I want to know," declares Mr. O'Connor "
what
that cry of 'Jesus, Jesus, Jesus!' meant ". (So, indeed, do I.
So would anyone who senses what the complete function of the
dramatist ought to be.) "
Was it the mystic's love-cry on the bosom of God, or was it the
' Eloi, eloi, lama Sabachtani
' of
the cross? Either way, it has a tragic beauty. But once again Shaw ignores the question entirely. It is as though he were
desperately casting about for something in the burning of a girl which has no tragic beauty ". Well, Mr. Shaw (his idea of Galtonic visualisers apart) was merely being faithful to his texts of theatre in ignoring that question. I, for one, know my Shaw
well enough not to be surprised by his side-stepping. And Mr.

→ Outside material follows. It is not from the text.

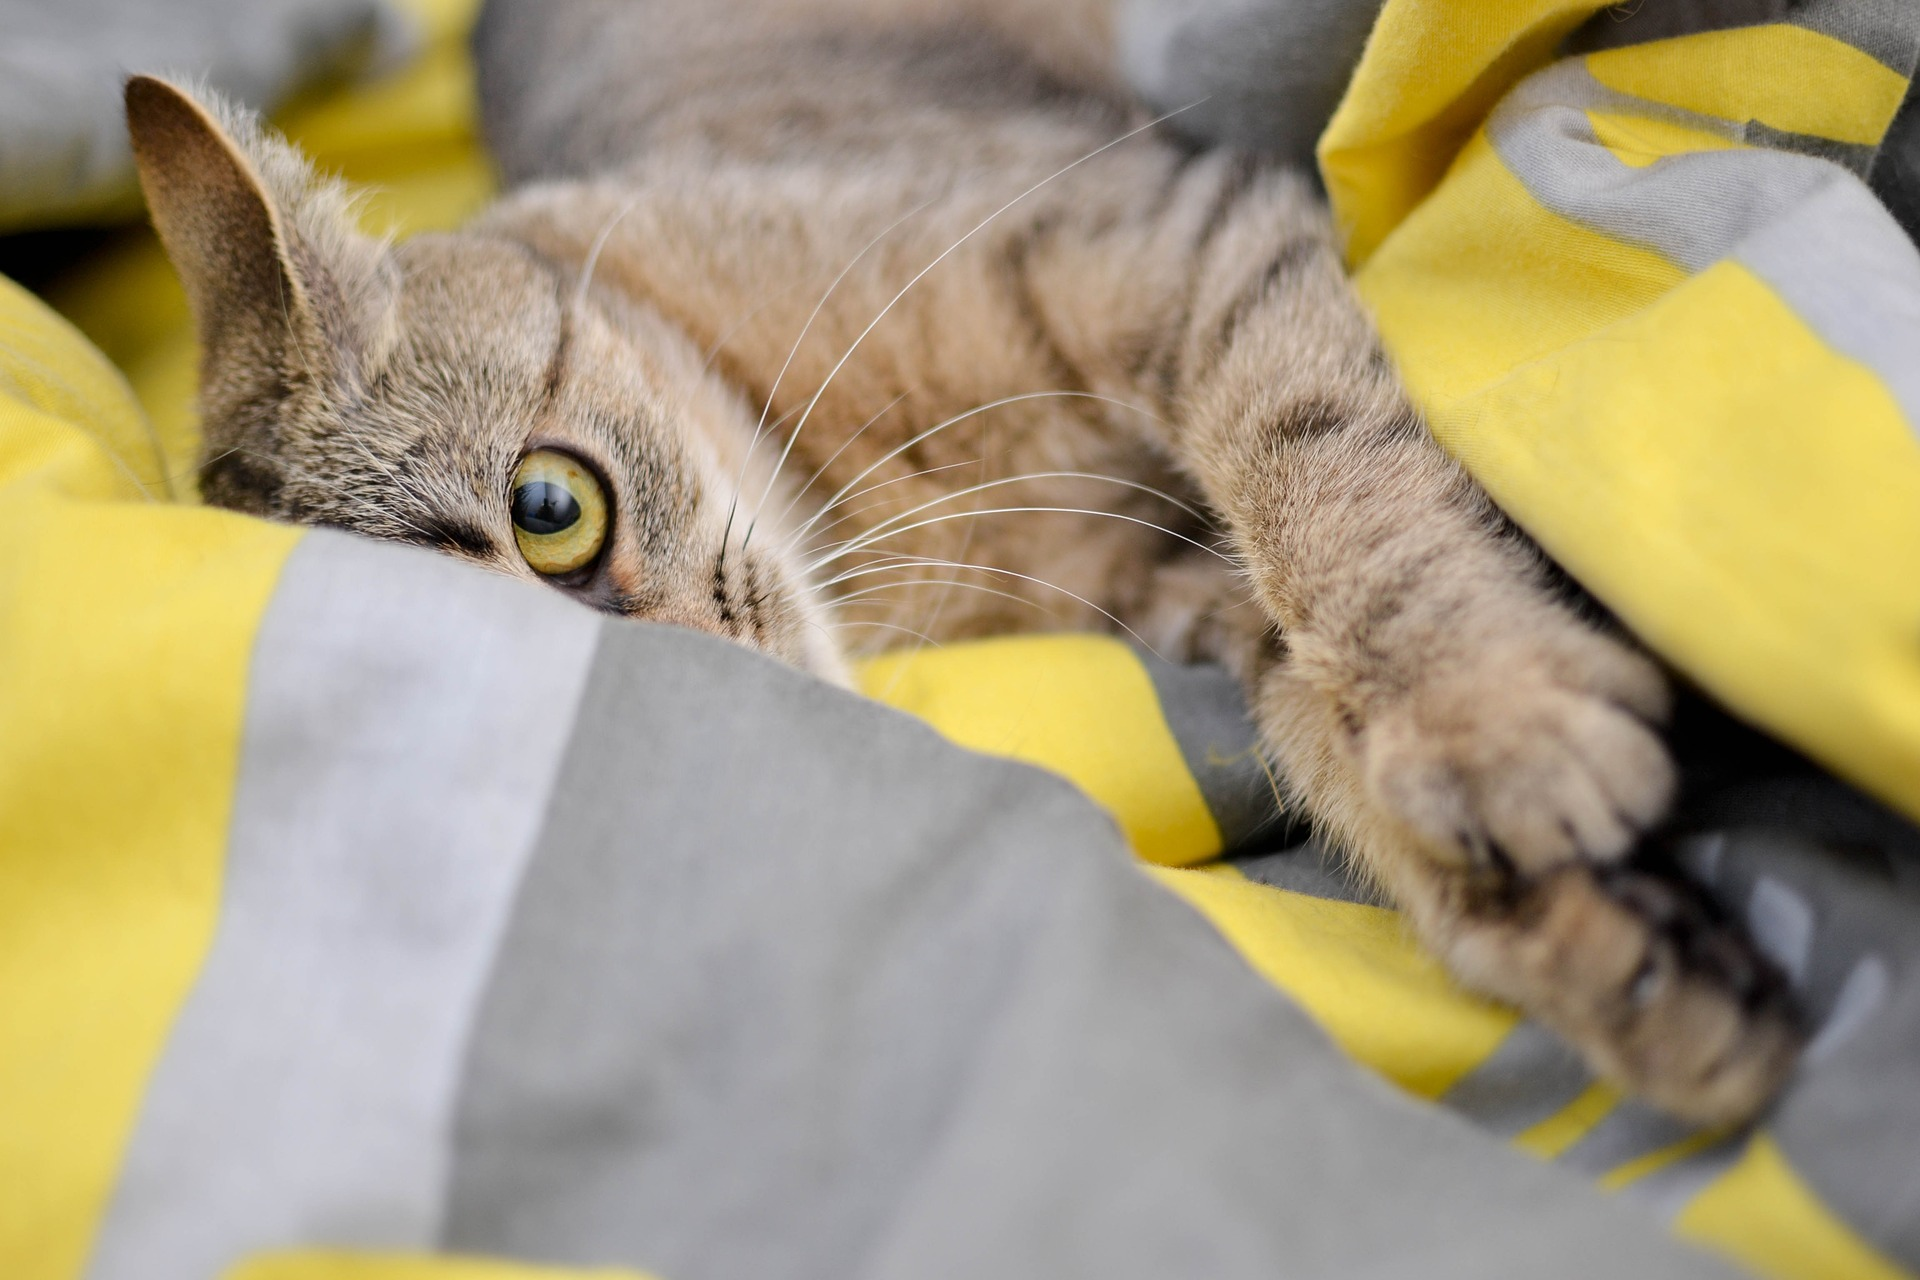 Sterylizacja kota to zupełnie inny zabieg niż kastracja. Zaleca się kastrować koty w około 3 miesiącu życia, przed rozpoczęciem znaczenia i przed pierwszą rują.

O'Connor's explanation does not completely satisfy me. "
The
fact is," he says, "
Shaw has been plunged straight into a subject which cannot be treated in prose, which could only have been written by an Ibsen, and has proved to us, if it ever needed proof, that while a storyteller may be no poet, a dramatist must always
be one ". I prefer to put it in another and a simpler way?a
dramatist must always be a dramatist and being so, may be
entitled to be called a poet. Nevertheless there is a grave danger that writers like Mr. Shaw may call him
" a writer of monstrous
fustian "?or more briefly, still?a virtuoso.